A spike in ten-year Treasury note yields to around 5% in recent months has been a major focus of policymakers, many of whom have said tighter financial conditions could reduce the need for additional Fed tightening. Still, long-term rates have retraced a substantial part of that rise, and ten-year note is currently yielding around 4.4%.

Top policymakers have not closed the door to additional hikes in recent public remarks, but many have indicated the bar is high for further tightening. That's because recent inflation readings have been benign, labor market activity is moderating, and many officials are convinced policy lags have yet to fully kick in.

“Participants judged that aggregate demand and aggregate supply continued to come into better balance, as a result of the current restrictive stance of monetary policy and the continued normalization of aggregate supply condition,” the minutes said.

Officials said the banking system is sound but they remain worried about the kinds of issues that led to the regional banking turmoil of March.

“Many participants commented that unrealized losses on assets resulting from the rise in longer-term interest rates, significant reliance by some banks on uninsured deposits, and increased funding costs at banks warranted monitoring,” the Fed said.


The Fed raised rates aggressively starting from March 2022 to July of this year, bringing the federal funds rate to a 22-year high range of 5.25-5.5%.

The Consumer Price Index has come down sharply from an annualized peak of 9.1% last summer to 3.2% in October, though Fed officials remain cautious about prematurely claiming victory in the fight to bring inflation sustainably back to 2%.

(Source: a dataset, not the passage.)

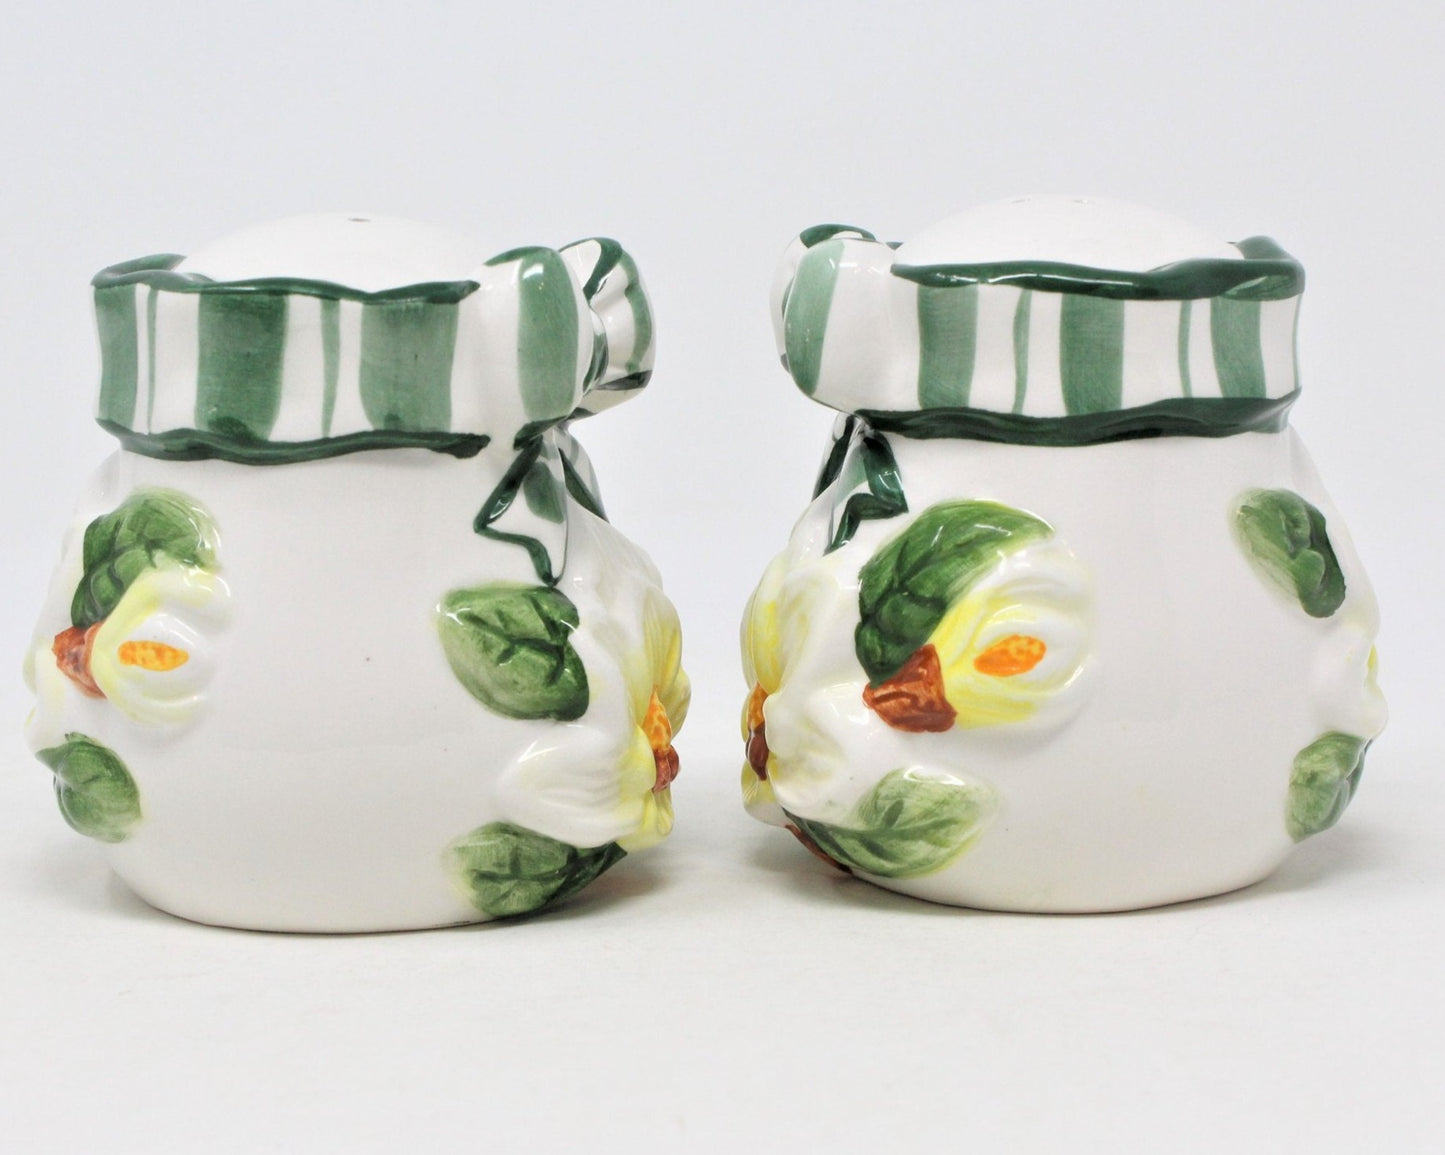 Salt and Pepper Shakers, Young's China, Magnolia and Bows, Ceramic 1996, SOLD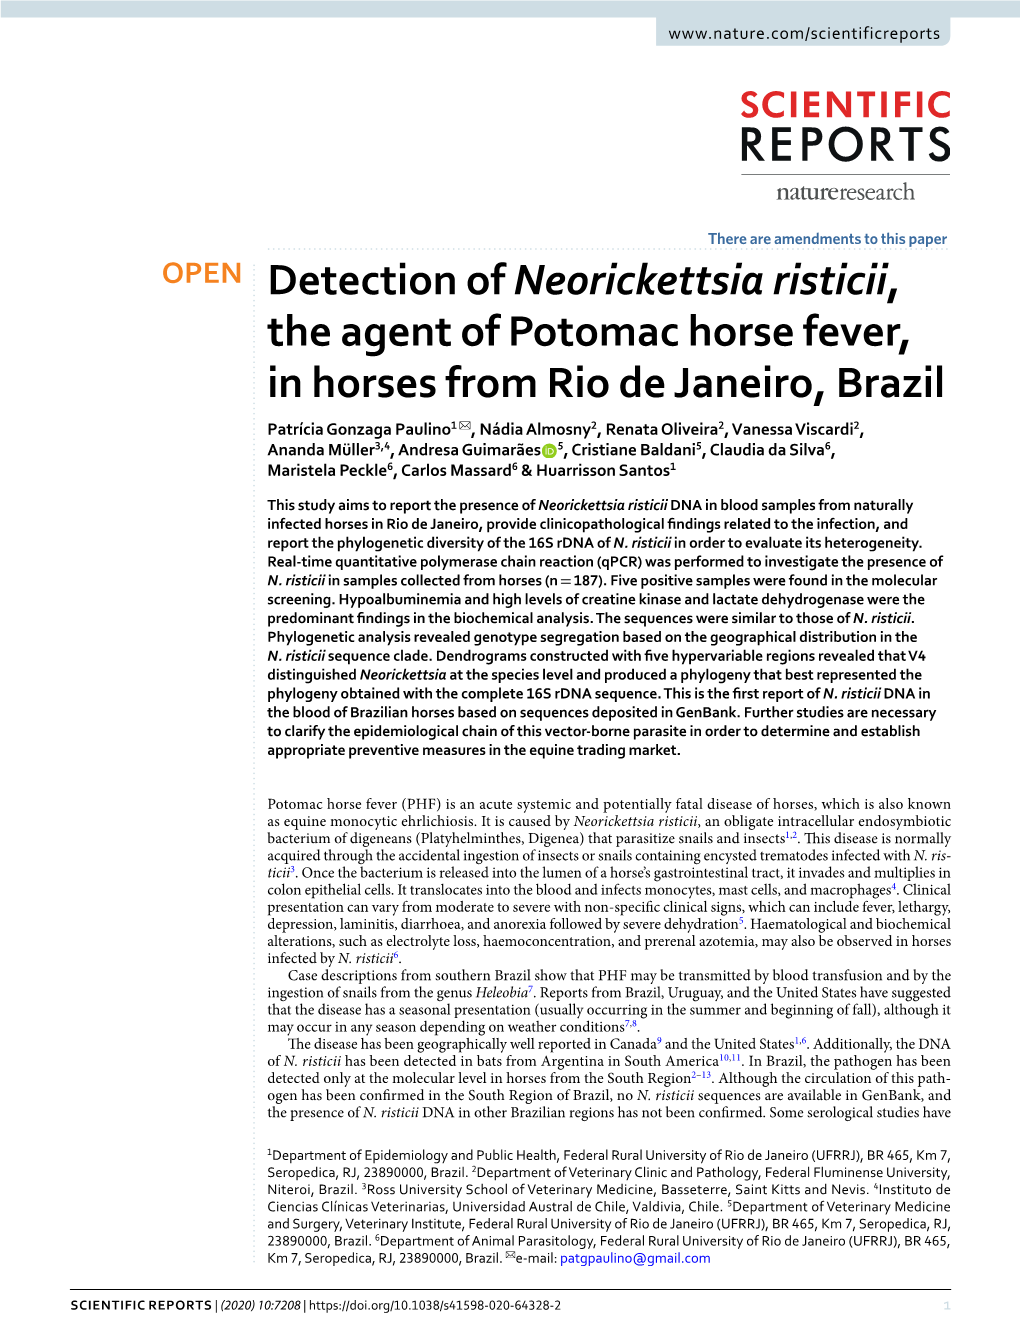 Detection of Neorickettsia Risticii, the Agent of Potomac Horse Fever, In

“Further evidence would be required for them to be confident that inflation was clearly on a path to the committee’s 2% objective,” the report said. “All participants judged that it would be appropriate for policy to remain at a restrictive stance for some time until inflation is clearly moving down sustainably toward the Committee’s objective.”

The staff expects fourth-quarter GDP to slow markedly from its third quarter rate near 5%, the report said.